Pour renverser Jean-Noël Guérini, communistes et socialistes ne peuvent donc que compter sur eux-mêmes. Que risquent-ils ? Selon le Canard enchaîné, le président du CG 13 aurait menacé ses camarades de dissoudre l’assemblée départementale. Menace en l’air ? Selon le code des collectivités mis à jour sur le site officiel Légifrance, seul le gouvernement peut, par décret, dissoudre une assemblée locale. Reste le coût politique. Vu le temps que devrait prendre la procédure judiciaire [2], les élus PS ne peuvent pas espérer voir l’affaire Guérini politiquement tranchée par quelqu’un d’autre qu’eux-même avant 2013, dernière ligne droite avant les municipales.

Notes

[1] Article 3121-5 du code des collectivités

[2] Clôture de l’instruction, demande d’actes complémentaires, renvoi ou non devant un tribunal, procès, toutes étapes étant susceptibles d’appel de la part des nombreux mis en examen, du parquet, d’éventuelles parties civiles...


 

Vos commentaires

  • Le 21 novembre 2011 à 02:28, par deng lee En réponse à : Parti politique cherche entre neuf et trente-six dissidents

    conseillers generaux une bande de peureux ???

  • Le 21 novembre 2011 à 16:55, par Frédéric Legrand, aka Albert II En réponse à : Parti politique cherche entre neuf et trente-six dissidents

    Peureux, je ne sais pas :-)
    Il faut reconnaître que le dilemne n’est pas facile à trancher : faire exploser politiquement l’affaire Guérini risque d’atomiser la gauche marseillaise. Le PS a-t-il intérêt à le faire dès que possible pour se donner le maximum de temps pour la reconstruction d’ici 2014 ? Stratégiquement, ça pourrait être payant, d’autant que ça enlèverait une épine du pied à Hollande...

  • Le 21 novembre 2011 à 19:47, par Red not D(r)edd En réponse à : Parti politique cherche entre neuf et trente-six dissidents

    Ce qui est sûr, c’est que plus ils attendent, plus ce sera difficile... et l’article a raison de relever que la situation actuelle a tout pour plaire à l’UMP.
    De toute façon, compte tenu de son absence quasi-totale de charisme et du fait que tous les conseillers généraux de son bord que j’ai pu rencontrer m’avaient l’air de tenir la route 10 fois mieux que lui, la seule présence de Guérini à la tête du CG est louche. Ce ne serait pas possible s’il ne tenait pas un bon paquet des élus de son camp par les...
    Hum, je crois que je vais arrêter là. ;)

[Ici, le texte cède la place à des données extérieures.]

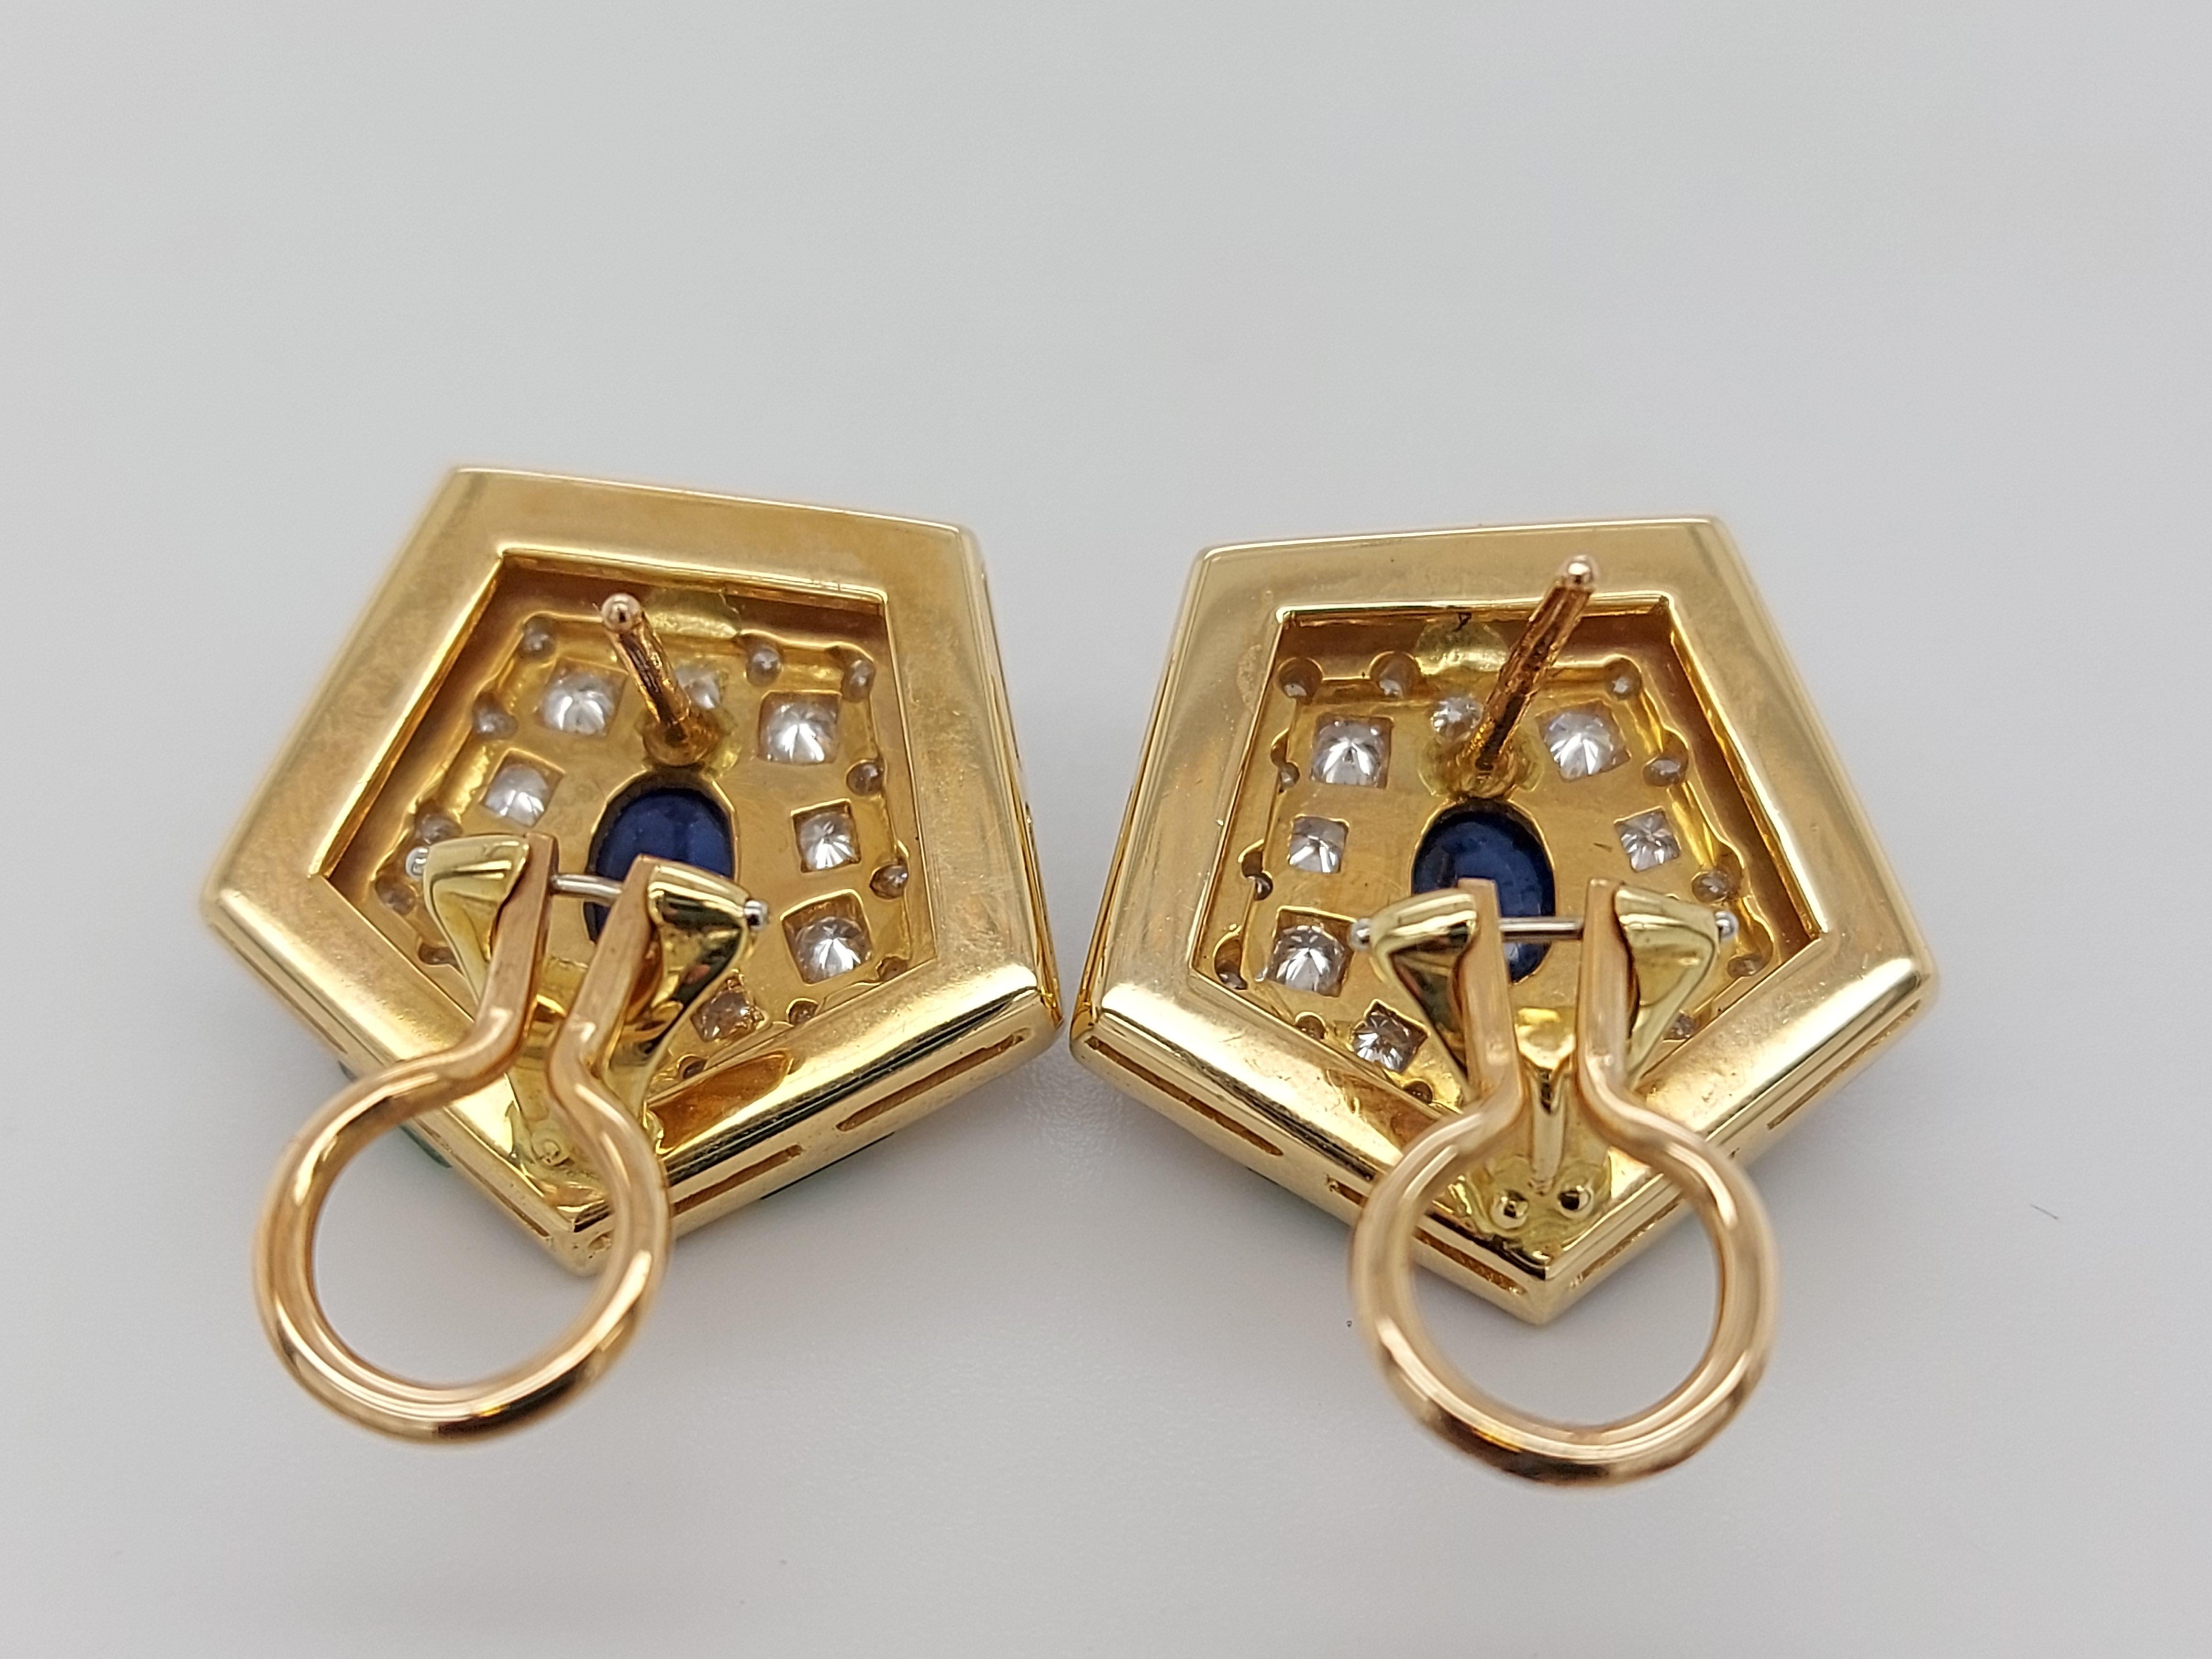 Luxurious Gold Clip-On Earrings With Diamonds, Emerald and Cabochon Sapphire For Sale 8

  • Le 22 novembre 2011 à 10:58, par Frédéric Legrand, aka Albert II En réponse à : Parti politique cherche entre neuf et trente-six dissidents

    Voir les conseillers généraux « tenus » est fort possible, ne serait-ce déjà que par les énormes possibilités d’investissements et de subventions dans les communes dont dispose le CG.
    Pour les élus de gauche au département, le dilemne est entre se faire taper sur les doigts financièrement, politiquement et/ou électoralement tout de suite, ou tout au long du tunnel présidentielle / législatives / municipales (et territoriales si la réforme des collectivités entre en vigueur).
    Il y a là un choix un peu abyssal : le chaos peut-être et tout de suite, ou très certainement mais plus tard.